Işıkları yakmaya çalışmanın boşuna olduğunu söylemeliyim.Burası bütün renklerin birleştiği yer ; siyah.Bazı şeyleri tam göremediğim doğru , ama bunu isteyen kim ? "Kendi dünyasında mutlu olabilmek" diye bir kavram vardır hani , ağzı çok laf yapan madrabazlar kullanır bunu insanları kandırmak için.Bunun koca bir yalan olduğunu göreceksin birazdan.Tamamen kendine göre inşa edilmiş bir dünya ve insanın mutlak mutsuzluğu.İkisinin bir arada bulunması mutluluk satıcılarına göre imkansızdır , ama en iyisi sen biraz daha yaklaş.Karanlıkta aslında herşeyin ne kadar açık görülebildiğinin farkına varacaksın az sonra.Gerçeği görmeni sağlayamam belki ama benim doğrularımla tanıştırabilirim seni.Kimsenin doğrusu mutlak değildir elbet ama karanlıkta yaşayan bir adamdan hayatın sırrını çözmesini bekleyemezsin.Bu arada artık kilisede ya da camide değiliz dostum. Arkandakinin tanrı olmadığını hisset diye söylüyorum bunu sana.Sana iyi birisi olduğumu ya da iyiliğin temsilcileriyle çalıştığımı iddia etmedim , tek söylediğim bazı doğrularımın olduğu...

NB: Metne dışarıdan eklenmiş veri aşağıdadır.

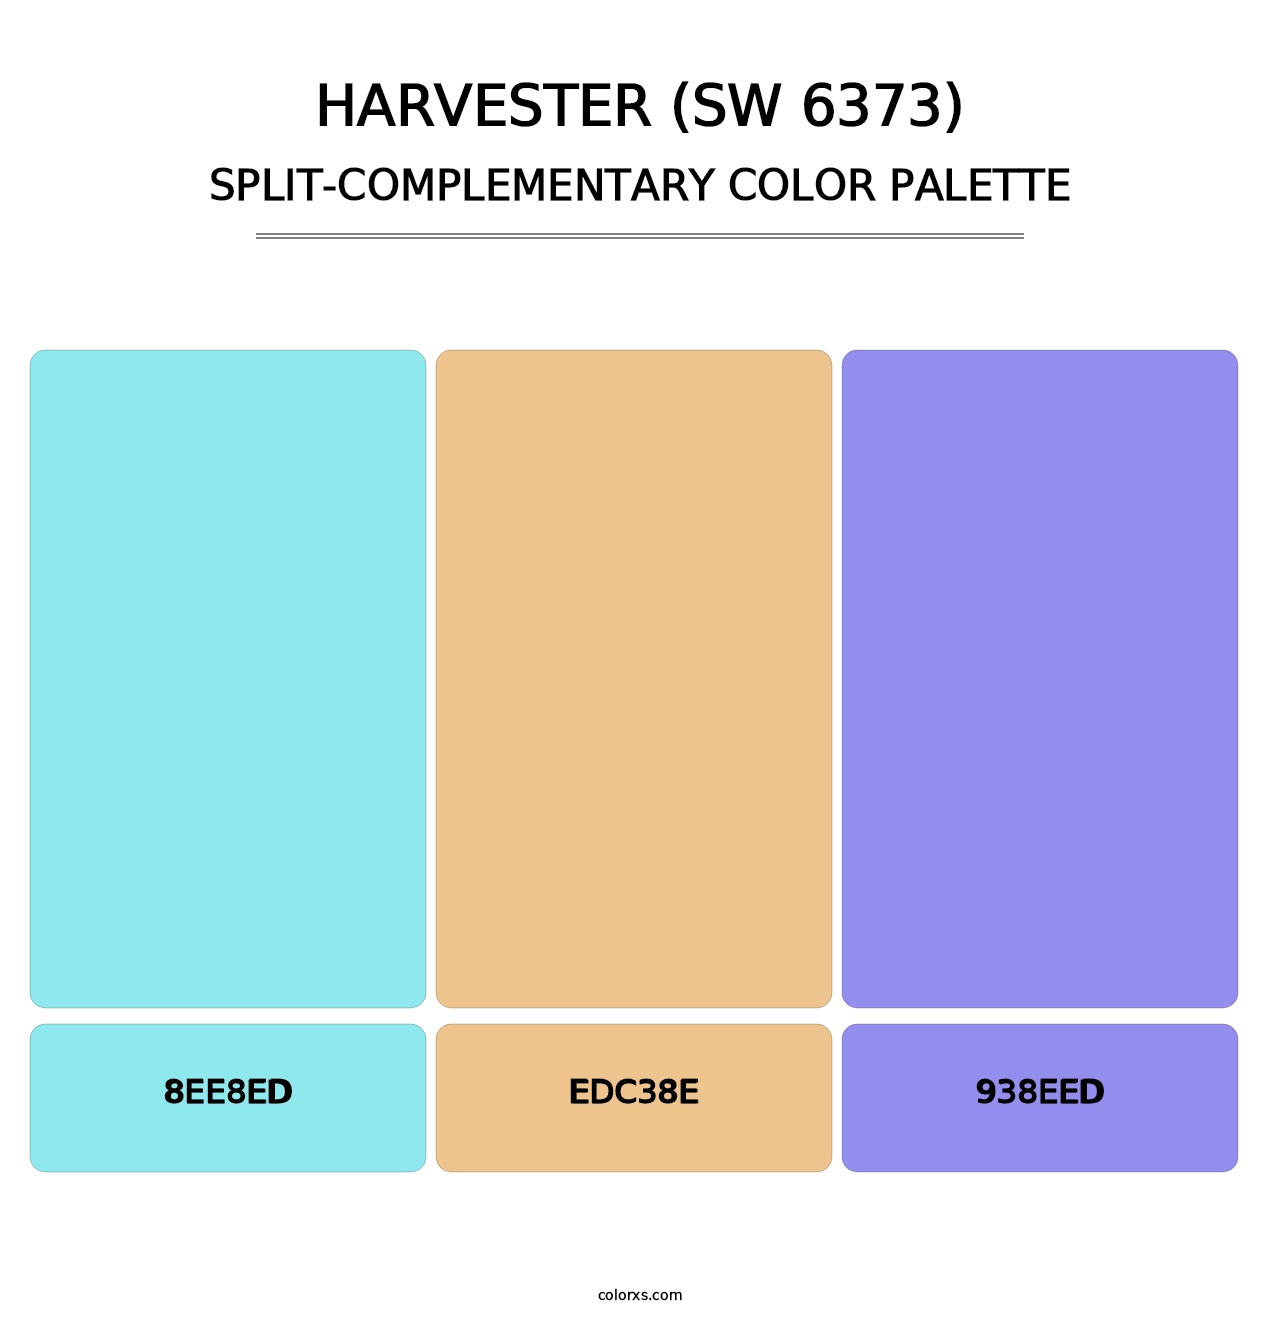 Harvester (SW 6373) - Split-Complementary Color Palette
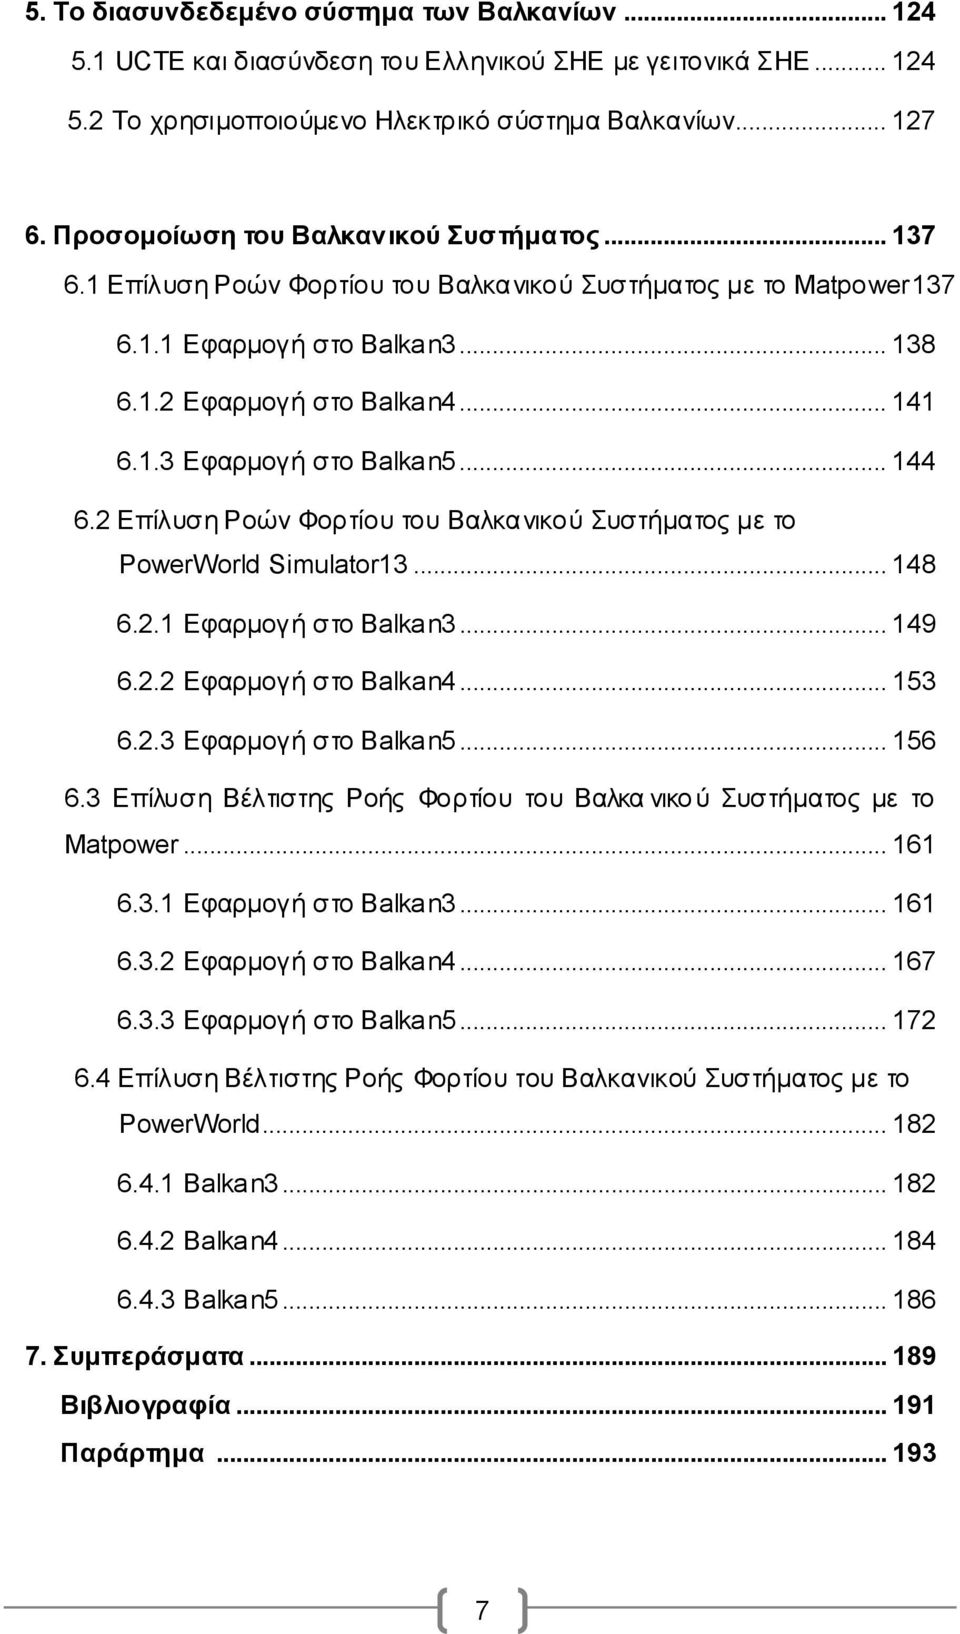 .. 144 6.2 Επίλυση Ροών Φορτίου του Βαλκανικού Συστήματος με το PowerWorld Simulator13... 148 6.2.1 Εφαρμογή στο Balkan3... 149 6.2.2 Εφαρμογή στο Balkan4... 153 6.2.3 Εφαρμογή στο Balkan5... 156 6.

Evet duvarlar biraz soğuk , zaten donmuş olan bir yüreğin sıcaklığa neden ihtiyacı olsun ki ? Ben yıllarca cehennem ateşlerinde yandım , o yüzden duvardaki tuğlalar ateşten toza dönüşmedikçe hiçbir sıcak beni tatmin edemez , bırak soğuk kalsınlar.Donarak ölürsen acı çekmezsin.Ölmeyi düşündüğüm konusunda yanılıyorsun , ben bekliyorum sadece.Kahretsin , ölümle ilgili önyargılarını bir kenara bırakmayı dene ! Işığı göreceğim gün değil beklediğim , sadece yeniden doğuşum...Evet , ölmeden de doğabilirsin ve bu içinde yeni bir insan yaratır.Devrimler gibidir herşey , yeni eskiyi boğar ve sen bilmediğin bir sen olursun.Aslında çok iyi bildiğin ama tanımlayamadığın.Tıpkı dalgalar gibi birşey bu , kim sana onları sorsa saatlerce anlatabilirsin belki ama bir dalganın doğduğu ve öleceği yeri göstermen istendiğinde anlamsızlaşır en sağlam tanımların bile.Ben şu an kendimi çok iyi tanıyamıyorum , ama yerime gelecek olanı da kestirebiliyorum açıkçası.İronik bir kavram oldu bu ama buzla kaplı toprağın metrelerce dibine gömdüğüm ruhumdan daha iyi tanıyacağım onu gömen adamı.Benimki bir devrim olmayacak belki , sadece evrimle sınırlı kalacak.Zaten hayatımda hiç sıçrama yapamadım.Adımlar bile büyük gelirdi bana...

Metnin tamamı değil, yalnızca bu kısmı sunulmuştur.